Zinfandel Spiced Pears

Serves 4

  • 5 ripe but firm pears, such as Bosc, Bartletts, or Anjou
  • 1 cup RZ Zinfandel
  • 1 cup light brown sugar
  • 1 tablespoon fresh lemon juice
  • 2 tablespoons butter
  • 4 whole cloves
  • cinnamon

Combine the wine and brown sugar in a small mixing bowl, whisk until combined and set aside.

Peel the pears.  Using a corer, start at the tip of the stem making a tunnel in the pear but do not go through to the bottom.  Use a small knife to help remove the central core.

Place the pears upright in a baking dish just large enough to hold them.  Sprinkle the pears inside and out with lemon juice.  Whisk the wine/sugar mix again and pour, filling the pear cavities and adding the remaining around the pears.  Dot each cavity top with a pat of butter, adding the remaining to the sauce.  Sprinkle with cinnamon. Place the cloves in the wine mixture surrounding the pears.

Cover and seal tightly with plastic wrap, then aluminum foil.  Place in a 400 degree oven and bake for approximately 30 minutes until the pears are cooked but still slightly firm in then center.

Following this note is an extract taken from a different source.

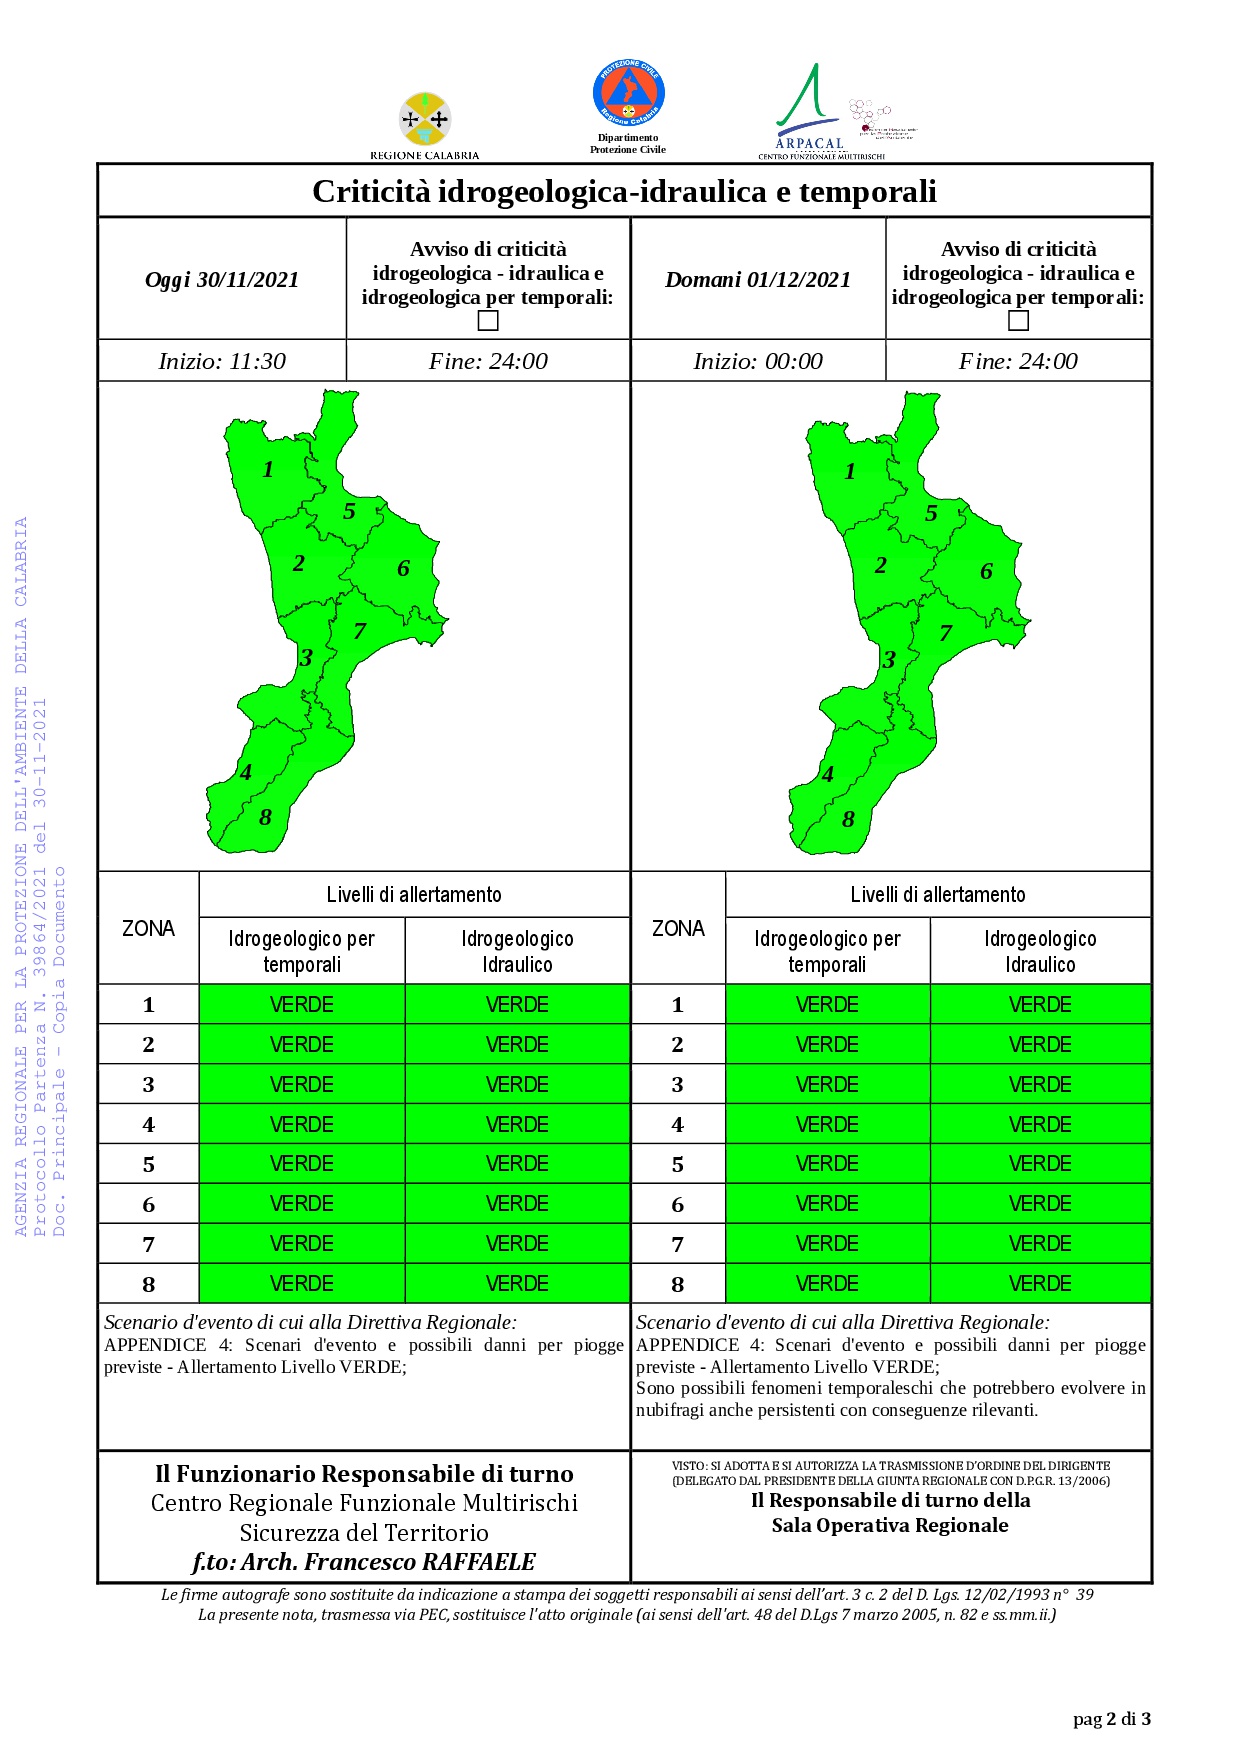 Criticità idrogeologica-idraulica e temporali in Calabria 30-11-2021

Allow the pears to cool. Collect all the cooking liquid and place in a small sauce pan. Reduce over medium heat until it is syrupy. Halve the pears and cut in thick slices. Toss with the reduced zinfandel syrup.

Brandy Snaps

Posted in Desserts on April 15th, 2010 by Bruce Riezenman – Be the first to comment

Preheat oven to 300°

Stir over low heat:

  • 1/2 cup butter
  • 1/2 cup sugar
  • 1/3 cup dark molasses
  • 1/4 teaspoon ginger
  • 1/2 teaspoon cinnamon
  • 1/2 teaspoon grated lemon or orange rind

Remove from heat and add:

  • 1 cup sifted all-purpose flour
  • 2 teaspoons brandy

Roll into 3/4 inch balls.

Bake on an ungreased cookie sheet about 12 minutes.

After a minute or so, remove cookies from pan with a spatula.

Roll cookies over a wooden spoon handle or metal cone.

Store in a tightly covered tin.

Just before serving, fill each cylinder or cone with a brandy and vanilla flavored whipped cream using a pastry bag with a star shaped tip.